**What you are asked to do**
Retype the lines of the material below, exactly and only, from the one containing "paisajes-con-flores-pintados-con-espatula" through the last line, with pictures left out.

**Supplied material**
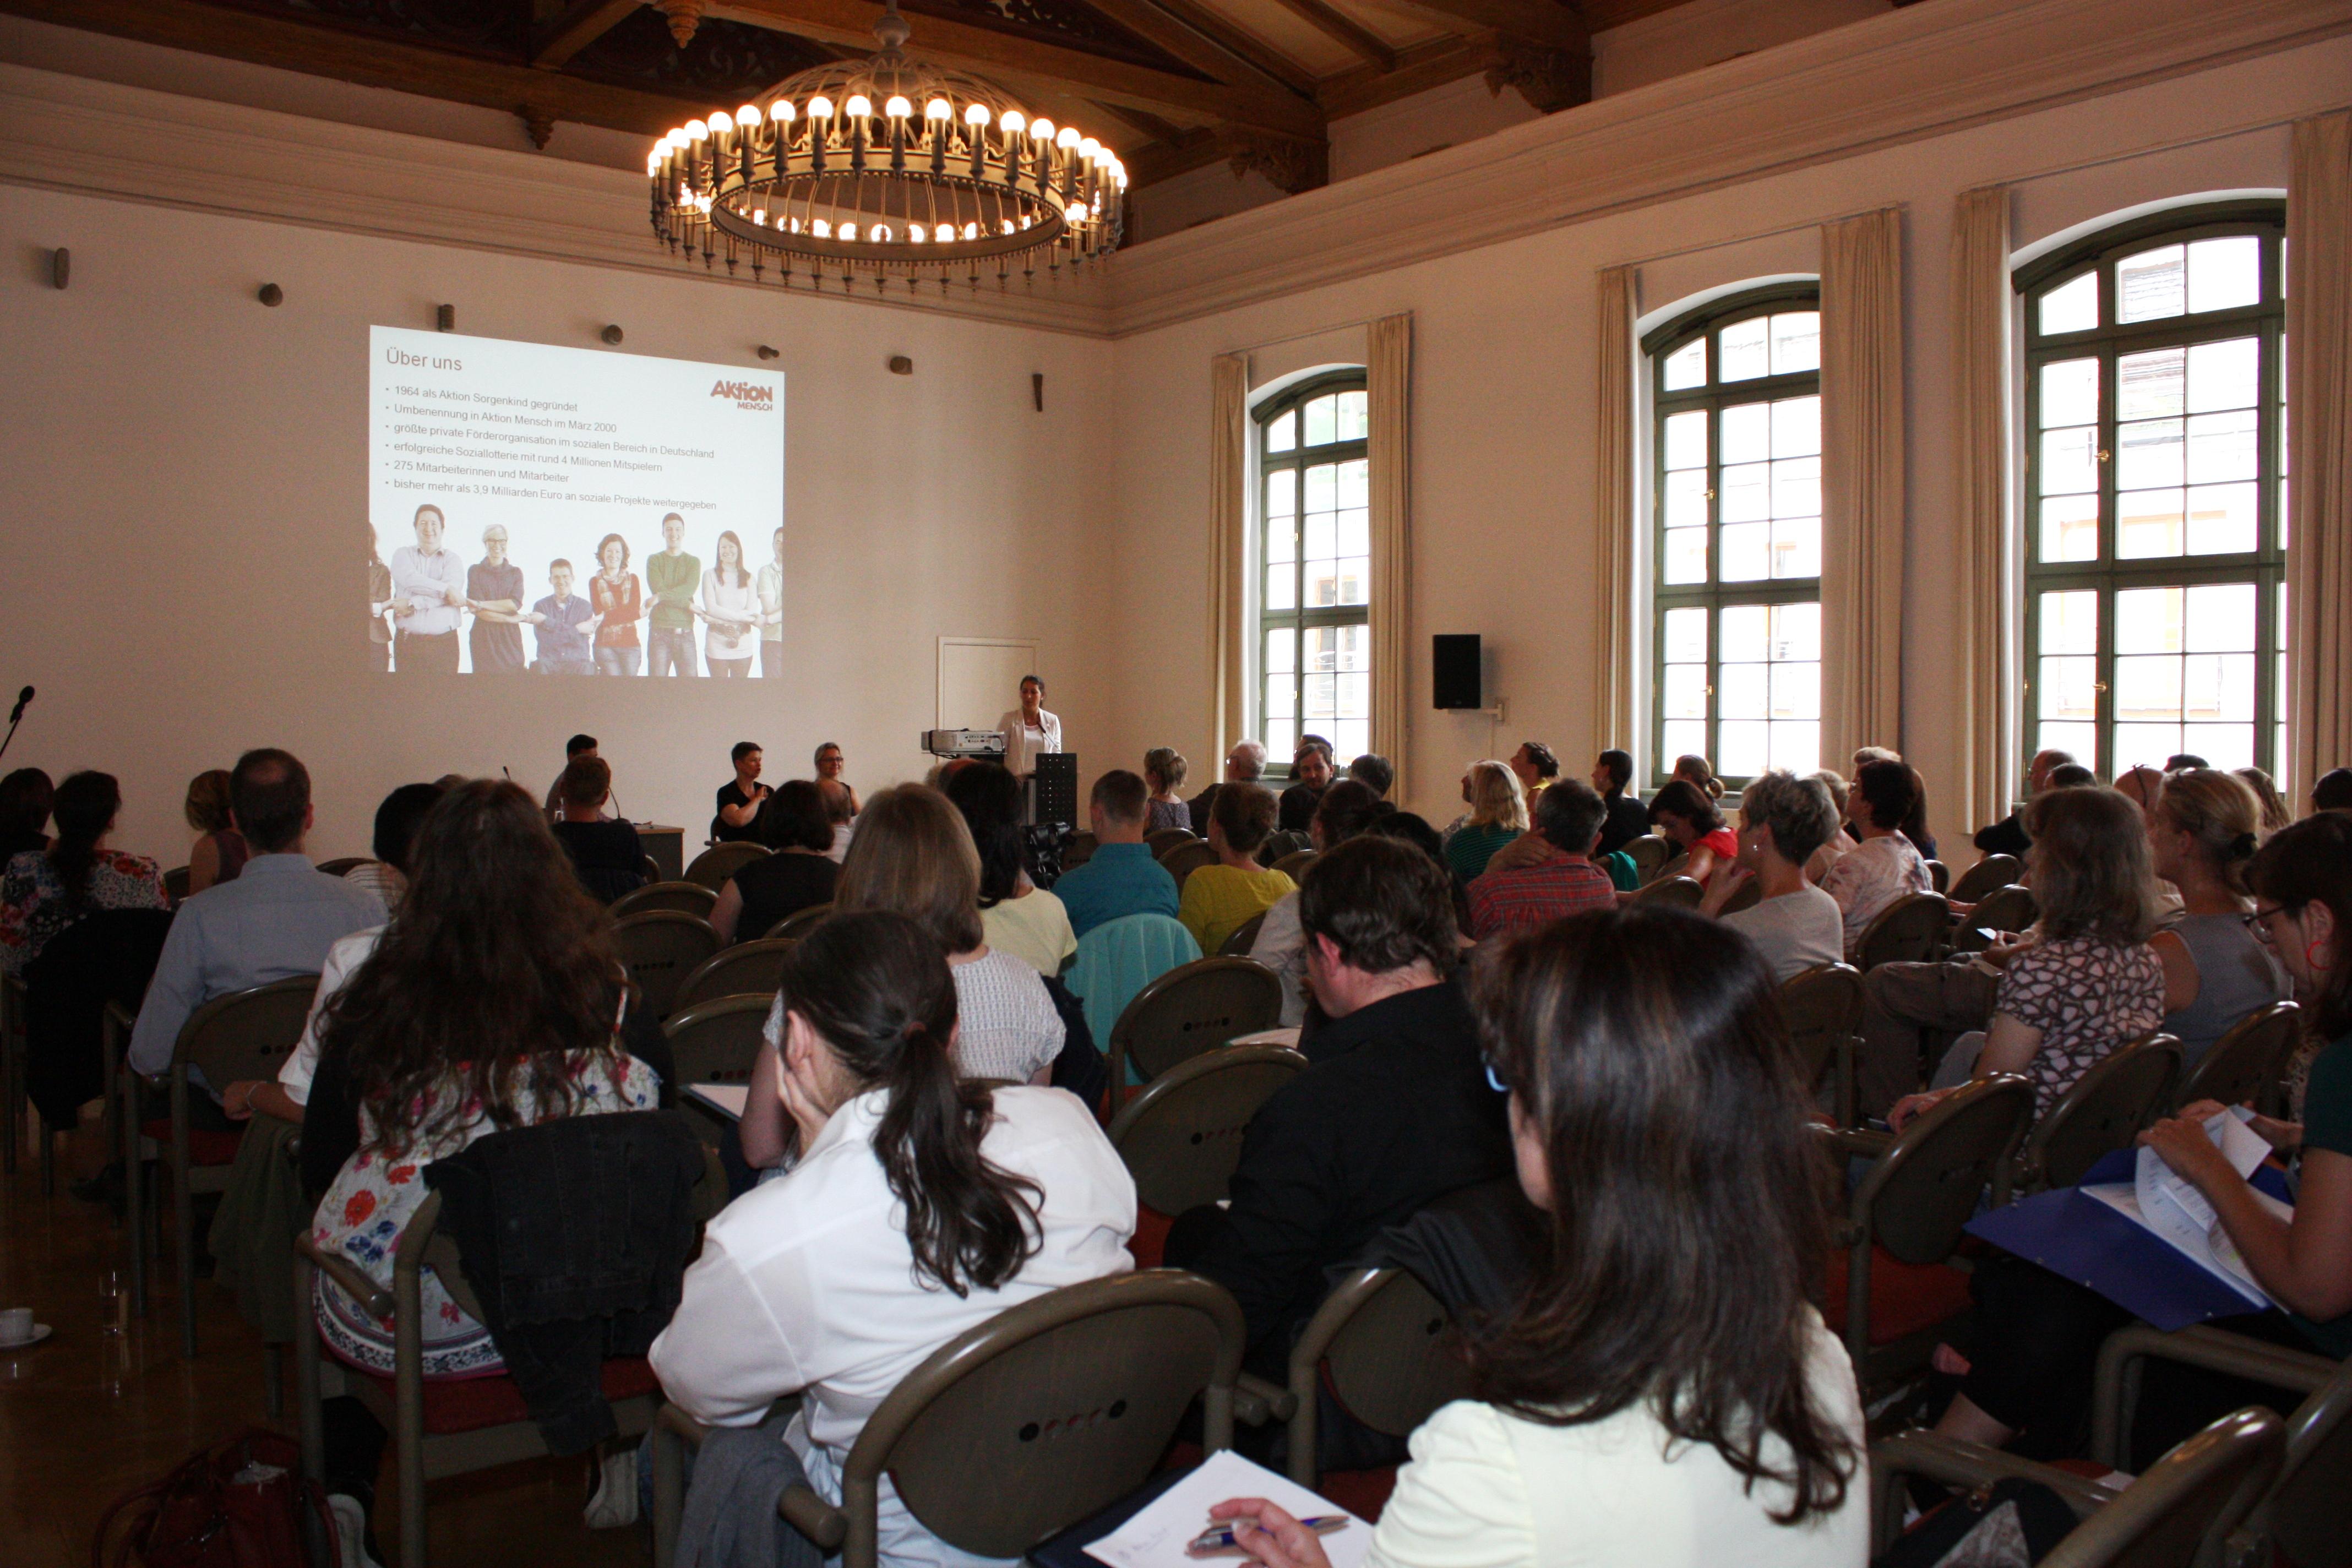 Zu sehen sind die Teilnehmenden von hinten. Vorn steht die Referentin und präsentiert die Programme der Aktion Mensch.
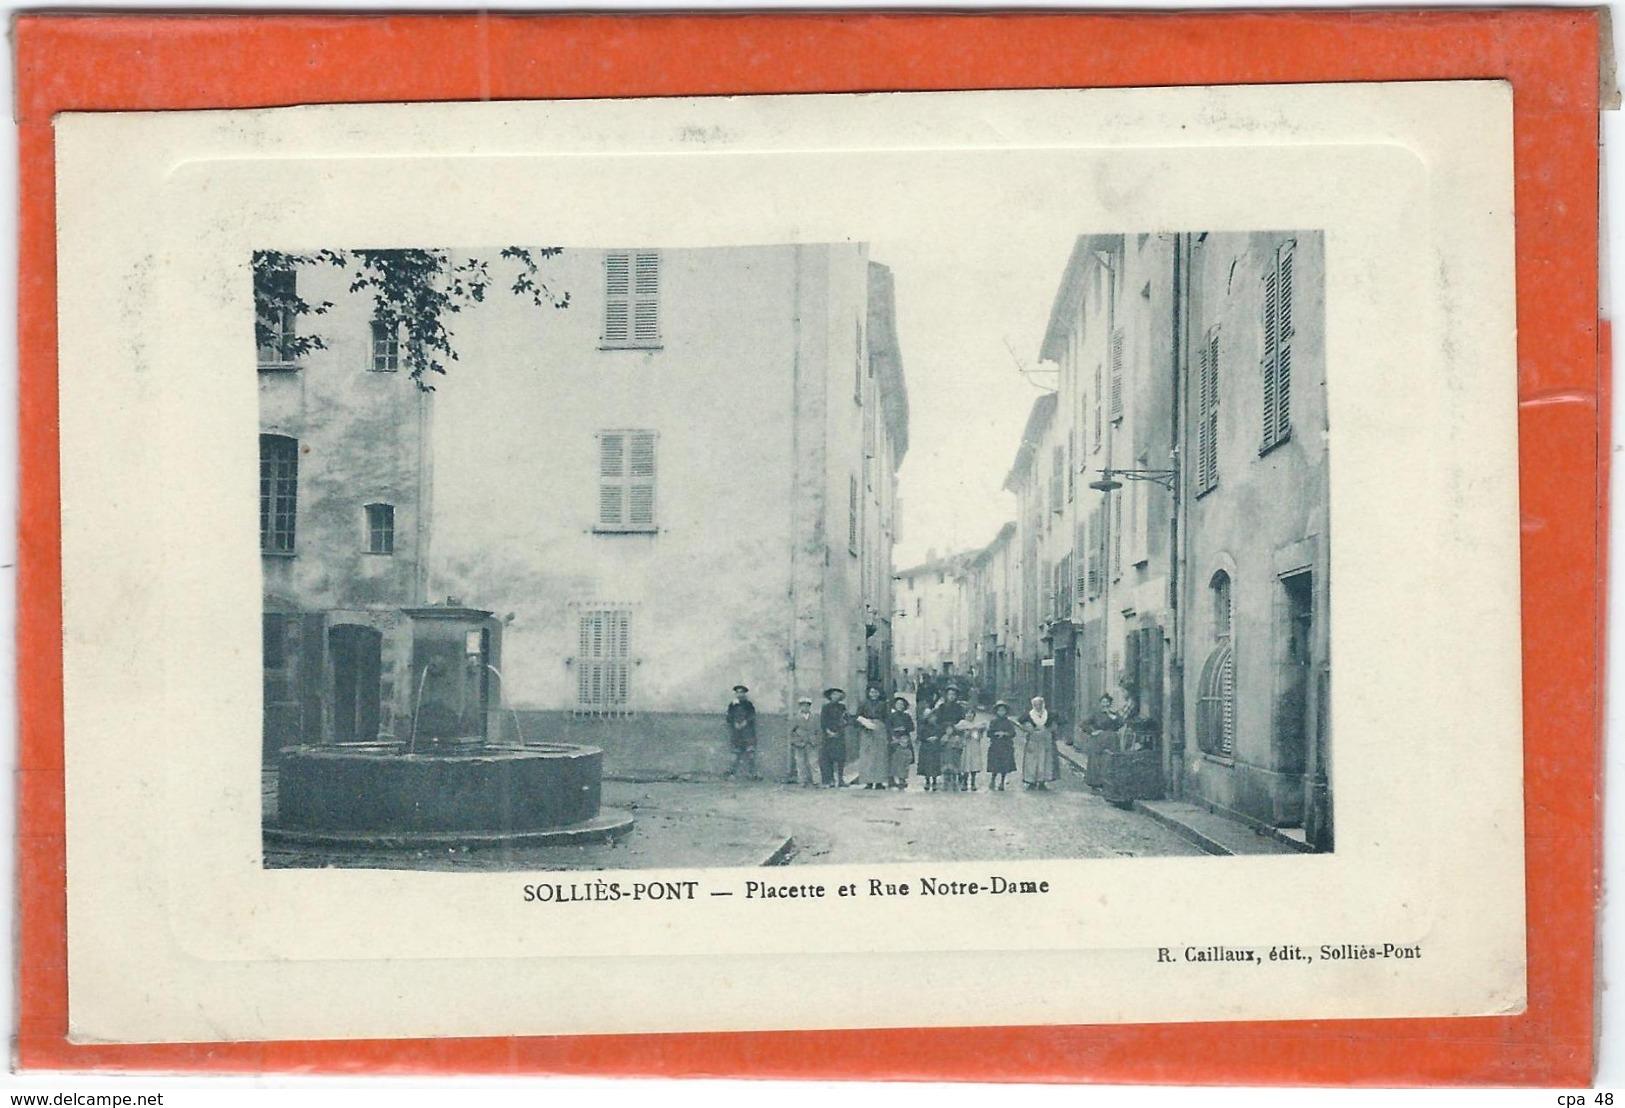 Var : Sollies Pont, Placette Et Rue Notre Dame - Sollies Pont
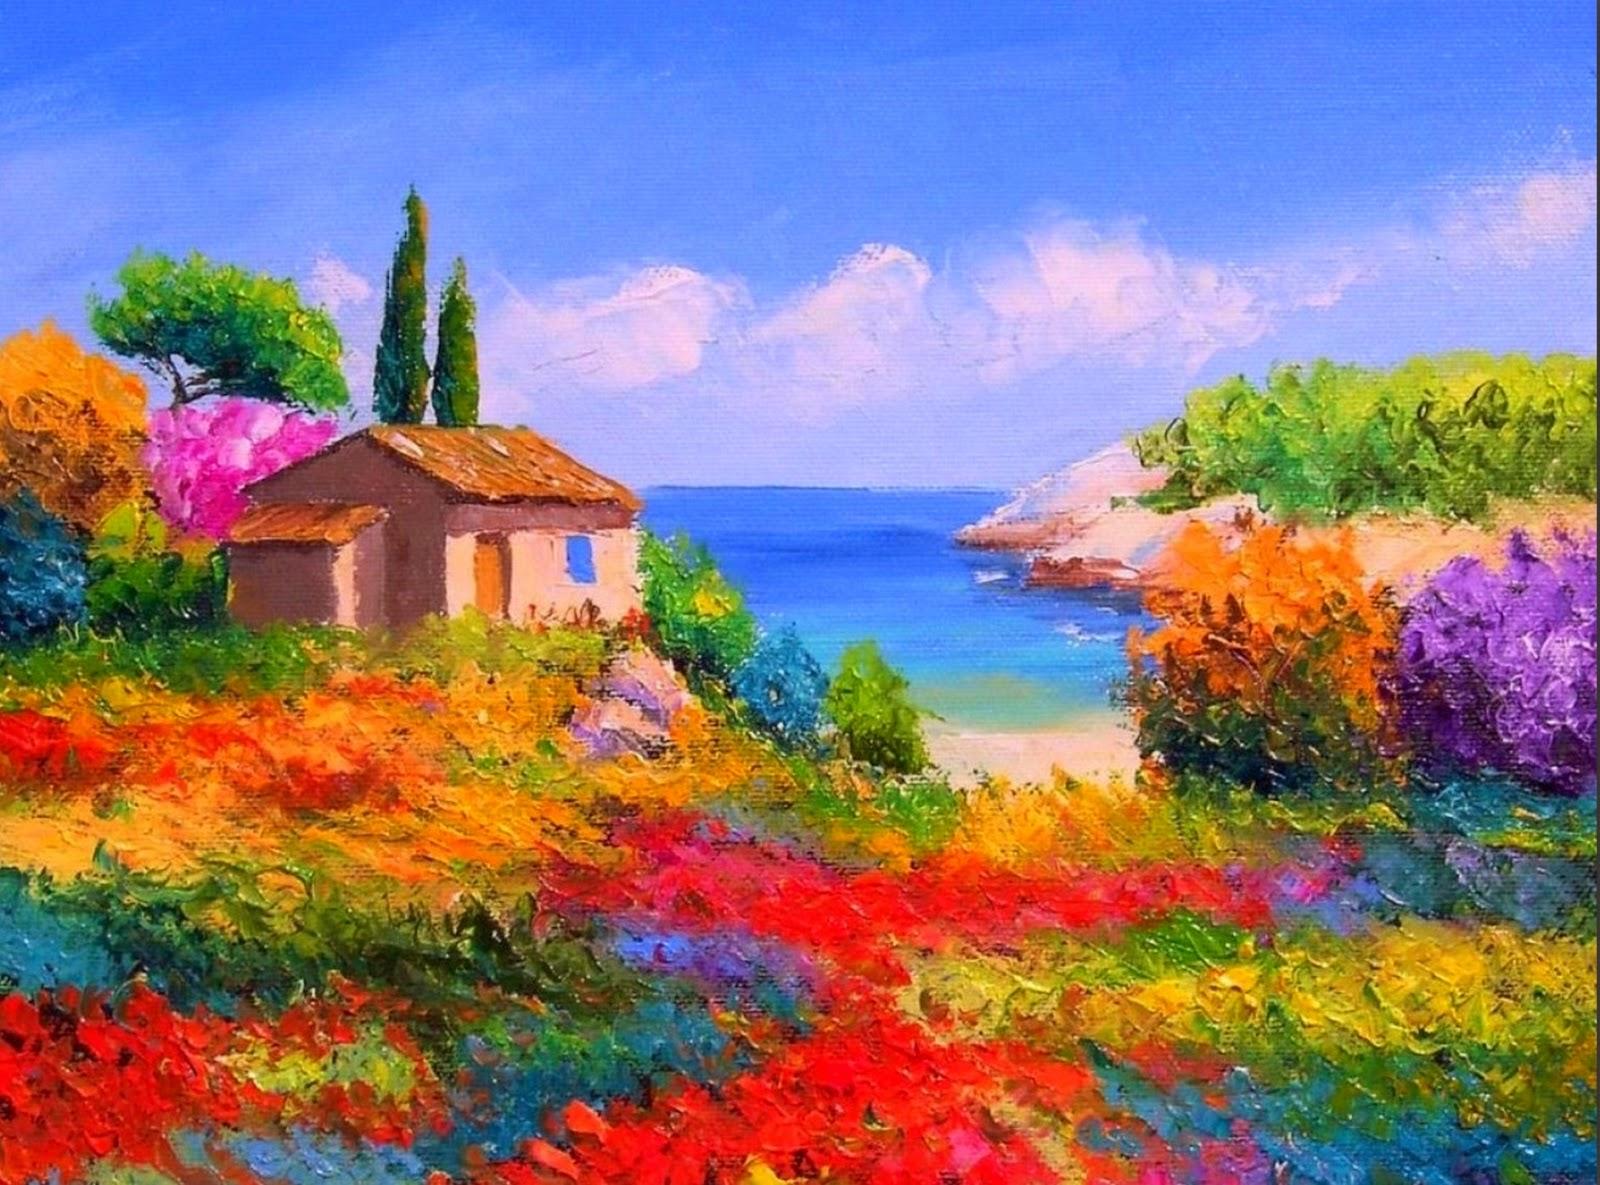 paisajes-con-flores-pintados-con-espatula
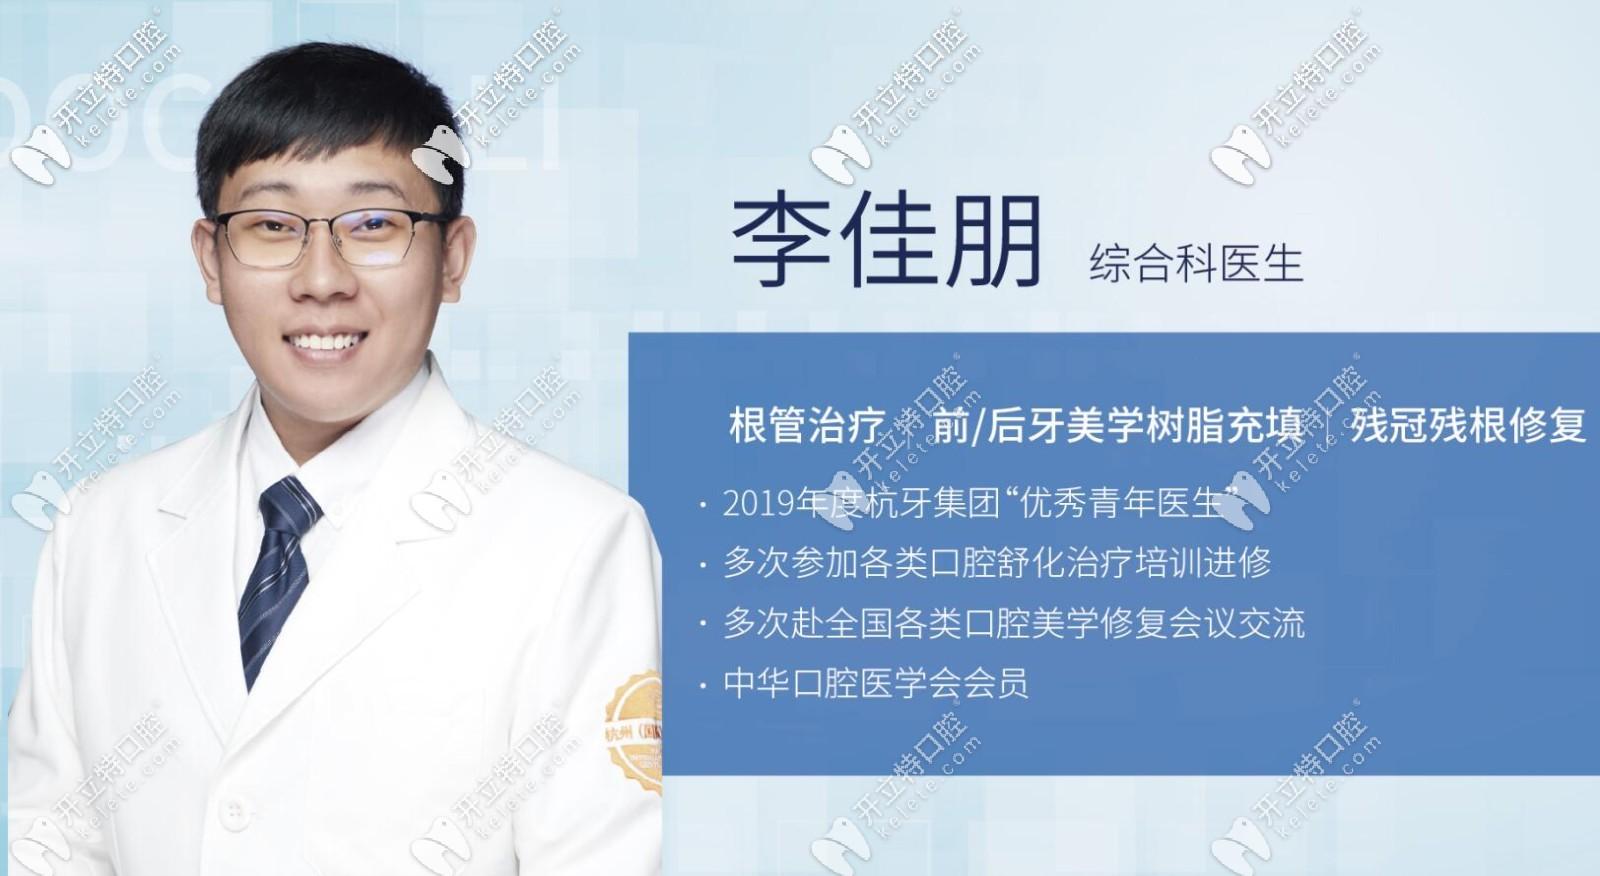 杭州(国际)牙科医院李佳朋

**Expected answer**
 paisajes-con-flores-pintados-con-espatula
 杭州(国际)牙科医院李佳朋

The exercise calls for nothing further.